明日から真知子はドイツに行くと言っていたのでしばらくはこの苦行から解放されそうだ。

「あの大河原のアルファ見た?」

「見た。鼻の下伸ばして、マジキモい。」

「ね。あー明日から自由だ!」

葉月がベッドの上でゴロゴロする横で詩月はスマホで健人にメッセージを送っていた。
夜会やパーティーに行くと言うと健人がものすごく心配する。何事もなかったことを報告するのだ。
詩月がメッセージを送るとすぐに電話があった。

「もしもし?」

「詩月、大丈夫か?」

「大丈夫だよ。」

「他のアルファに何かされなかったか?」

「うん。」

初めての発情期を迎えてさらに美しくなった詩月を心配している。
夜会ではたくさんのアルファに声をかけられたが、皆断った。
そのあとも少し話をして明日の約束をして通話を切る。

「明日から健人のターンだね。」

葉月がニヤニヤしている。

「何それ。」

「思う存分フェロモンを付けまくるってことだよ。」

「…。」

葉月の冷やかしに何も言い返せずじとっと睨んだ詩月だが、明日のために早く寝ようと自室に戻った。






「ん、はぁ、あ、健人…。」

「詩月、詩月、はぁはぁ、ん。」

部屋に入るなり飛びつくように抱きつかれてベッドに押し倒される。そのまま息つく暇もなく唇と舌を吸われた。服はむしり取るように脱がされたが、その手は優しく身体を撫でる。

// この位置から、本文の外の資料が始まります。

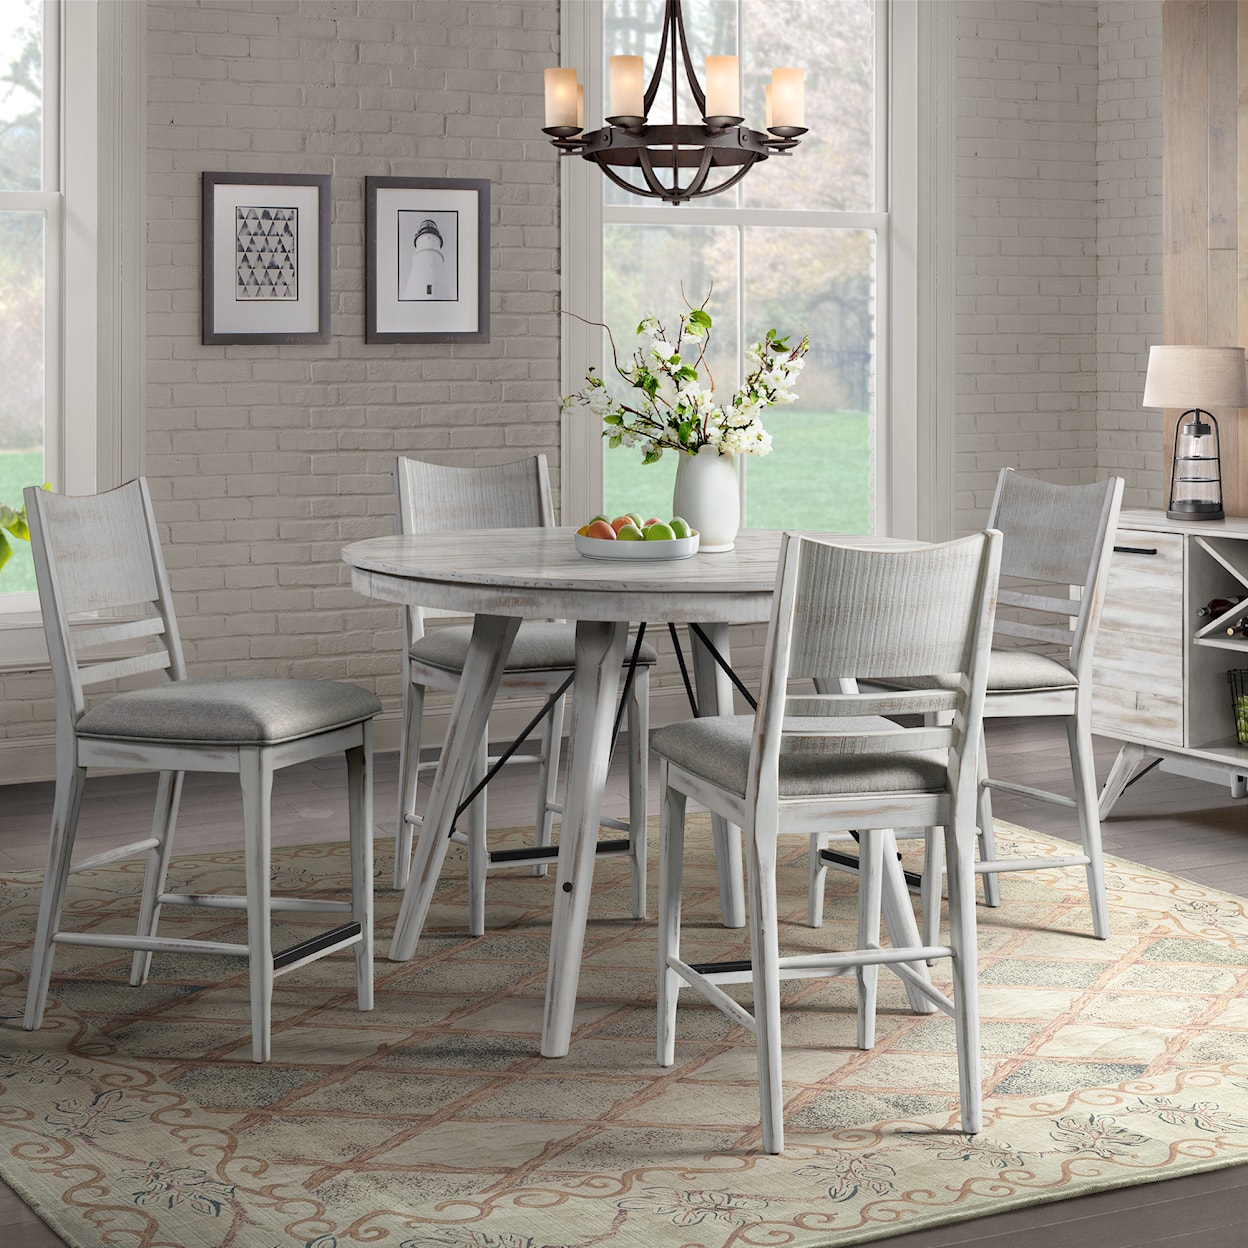 Intercon Modern Rustic Table and Chair Set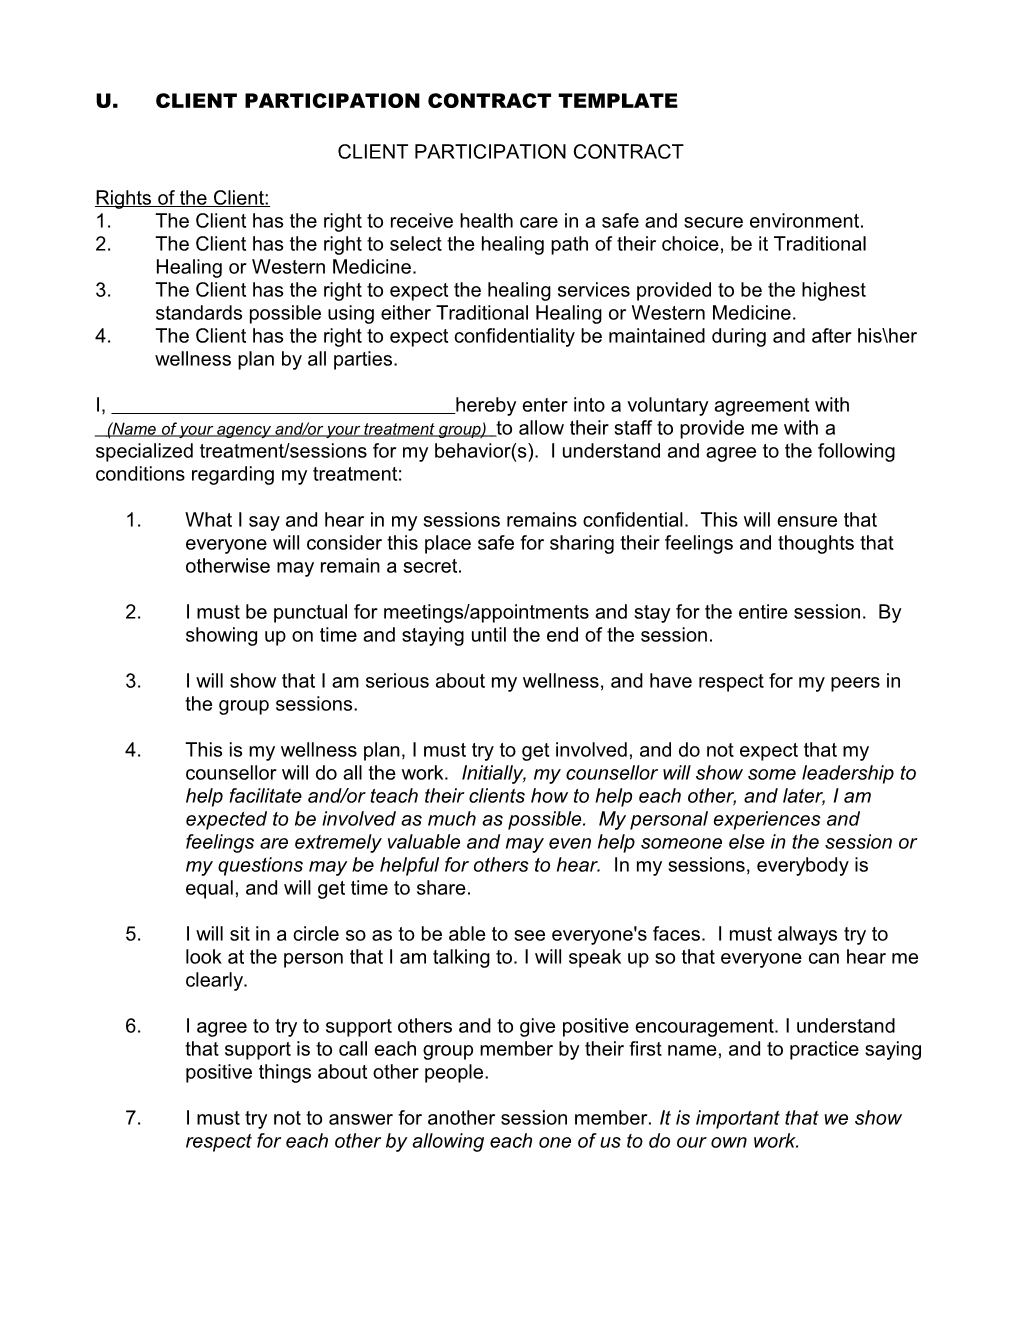 CONSENT to WELLNESS PLAN CONTRACT

「はぁ、かわいい…。俺の匂い、いっぱいつけるからな。」

「あぁん、はぁ、健人っ、健人っ!」

身体中を舐め回してキスをする。
全身を丁寧に舐めたあと、健人の好きな体勢になった。

「詩月、かわいい。」

健人は感嘆の声を漏らすと詩月の尻の穴にキスをする。
わざと音をたてたり強く吸ったりしながら丹念に舐める。
舌を入れて出し入れすると詩月はあっという間に達してしまった。

「はぁはぁ、健人、イっちゃった…。」

「ん。かわいい。もっとイって?」

「ダメっ、」

「かわいい、かわいいっ!大好き…」

散々舌で嬲ったあと、健人も詩月の口や手で気持ちよくしてもらう。しかし今日はそれだけでは終わらなかった。
詩月を四つん這いにさせて股の間に健人の性器を挟んだ。

「はぁ、気持ちいい…ヌルヌル…。」

「あ、あぁ、健人っ!」

「ん、ん、ん、はぁ、うっ、」

健人が激しく腰を振り始めた。まるでセックスをしているようだ。詩月も健人のモノで擦れて堪らなくなる。

「あー、気持ちいい。詩月っ!イクっ!」

「あぁん!」

二人は同時に達した。

「ふぅ、詩月、大好き…。」

背中やうなじにキスをする。詩月は力尽きてベッドに倒れ込んだ。

「も、ダメ…。」

「えぇ?まだまだだぞ。いっぱいするって言ったろ?」

健人は嬉しそうにそう言って詩月のうなじを舐め回しながらまた腰を振り始めた。